In growing up with my twelve cousins who were the fruit of these four siblings, every Sunday was like a family reunion at our little E.U.B. Church which was located at the corner directly across the road from the family homestead where all of the siblings were born.  After Sunday school and Worship, the twelve of us cousins would run across the street to hang out at our grandparents’ home.  In recent days, we exchanged many special memories of growing up together, sharing stories of faith and family that are a part of our spiritual heritage.  I shared at my uncle’s funeral that the twelve of us cousins seem to bare a significant numerical correlation to the twelve tribes of Israel who gathered in the wilderness to hear God’s Words of instruction through Moses, in the Shema, again from the sixth chapter of Deuteronomy:

Hear, O Israel: The Lord our God, the Lord is one. Love the Lord your God with all your heart and with all your soul and with all your strength. These commandments that I give you today are to be on your hearts. Impress them on your children. Talk about them when you sit at home and when you walk along the road, when you lie down and when you get up. Tie them as symbols on your hands and bind them on your foreheads. Write them on the doorframes of your houses and on your gates.

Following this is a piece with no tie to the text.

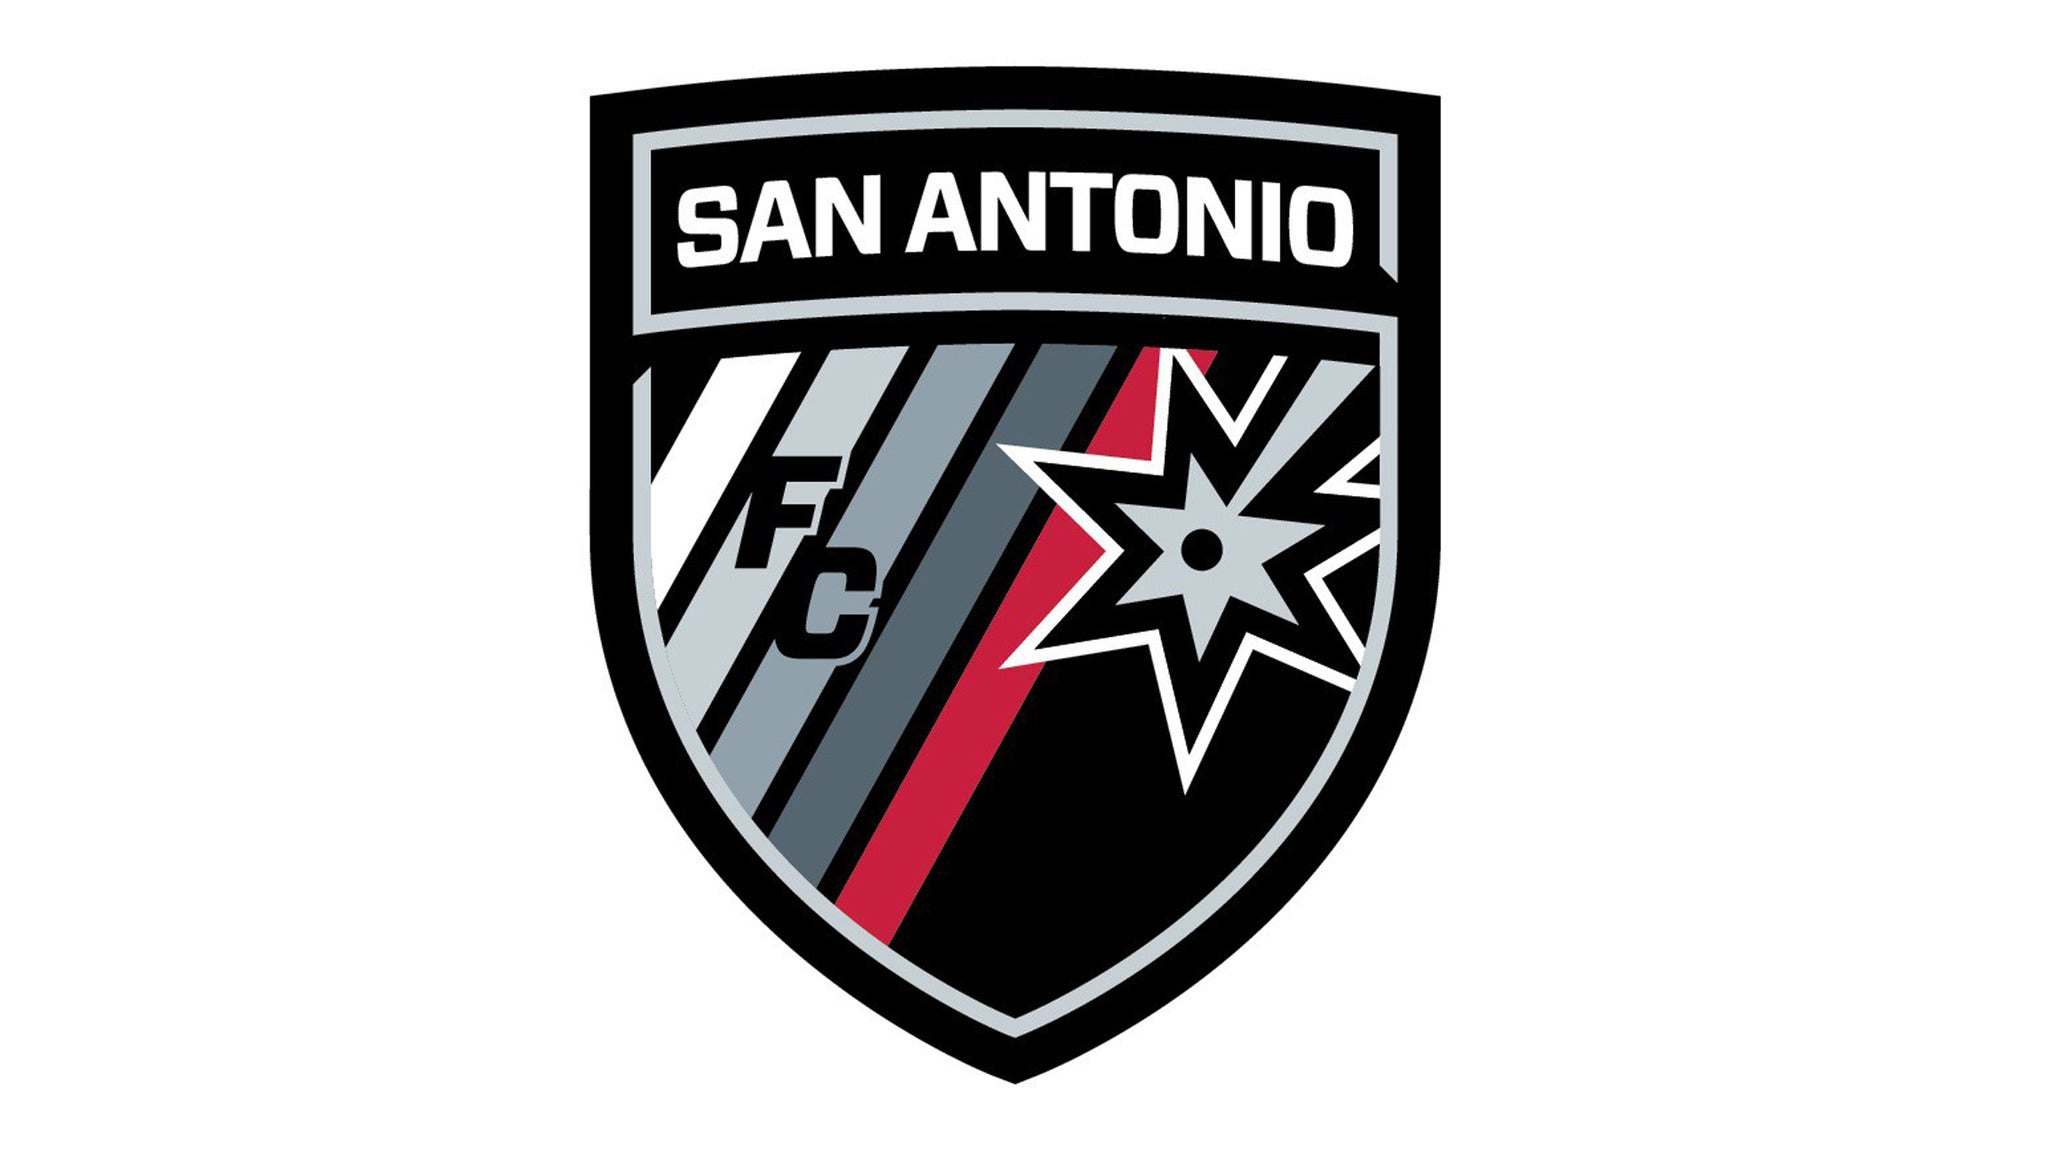 San Antonio FC vs. El Paso Locomotive in San Antonio promo photo for Fan Club presale offer code
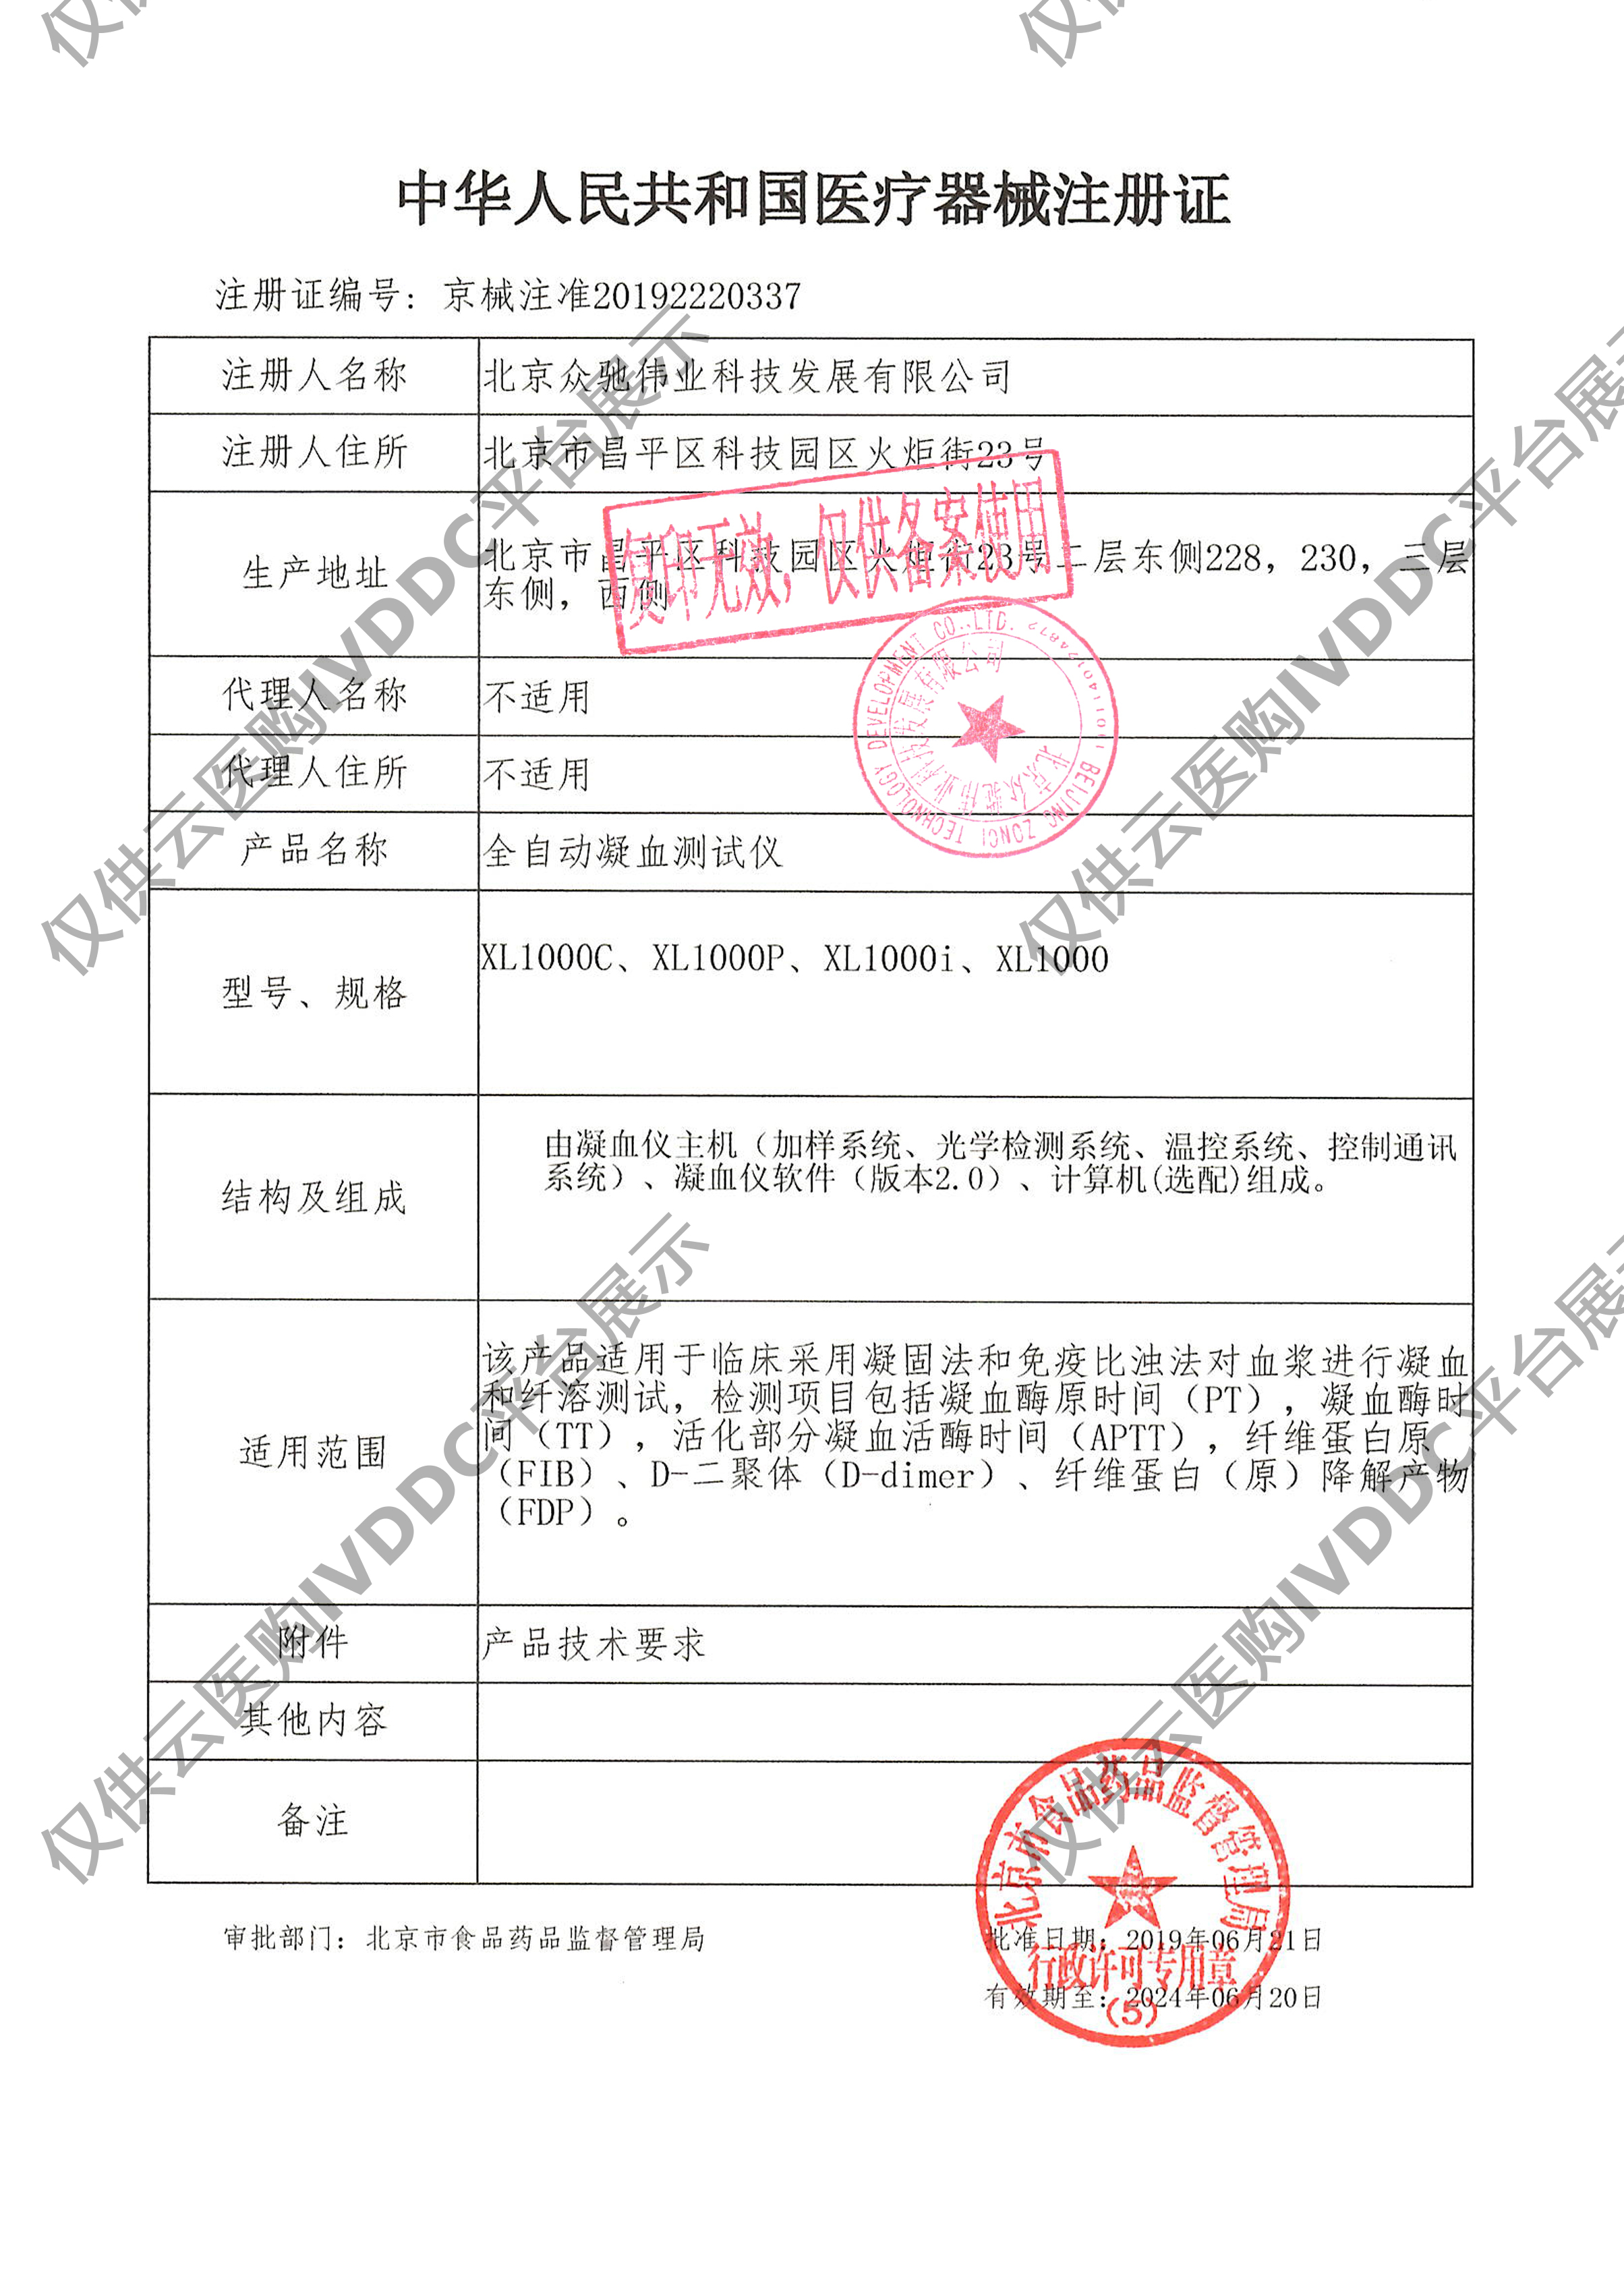 【众驰伟业】全自动凝血分析仪 XL-1000e注册证

I praise God that I have such a rich spiritual inheritance coming from my E.U.B. roots of strong biblical authority and faith in Jesus Christ as my Lord and Savior.  In the E.U.B. Church there was particular emphasis laid on prayer and a life of devotion to Christ.  As my brothers and sisters in the Methodist Church were studying John Wesley in their confirmation classes, my cousins and I were learning about the lives of Jacob Albright, Phillip William Otterbein, and Martin Boehm.  As the diminishing generations go on to be with the Lord, may our rich spiritual heritage birthed in the Evangelical United Brethren Church not be lost, […so that you, your children and their children after them may fear the Lord your God as long as you live by keeping all his decrees and commands that I give you].

Thank you Bishop Job for your impact upon the world, for the lives you led to Christ, and for the spiritual legacy you leave us through your many written works.  Well done, good and faithful servant.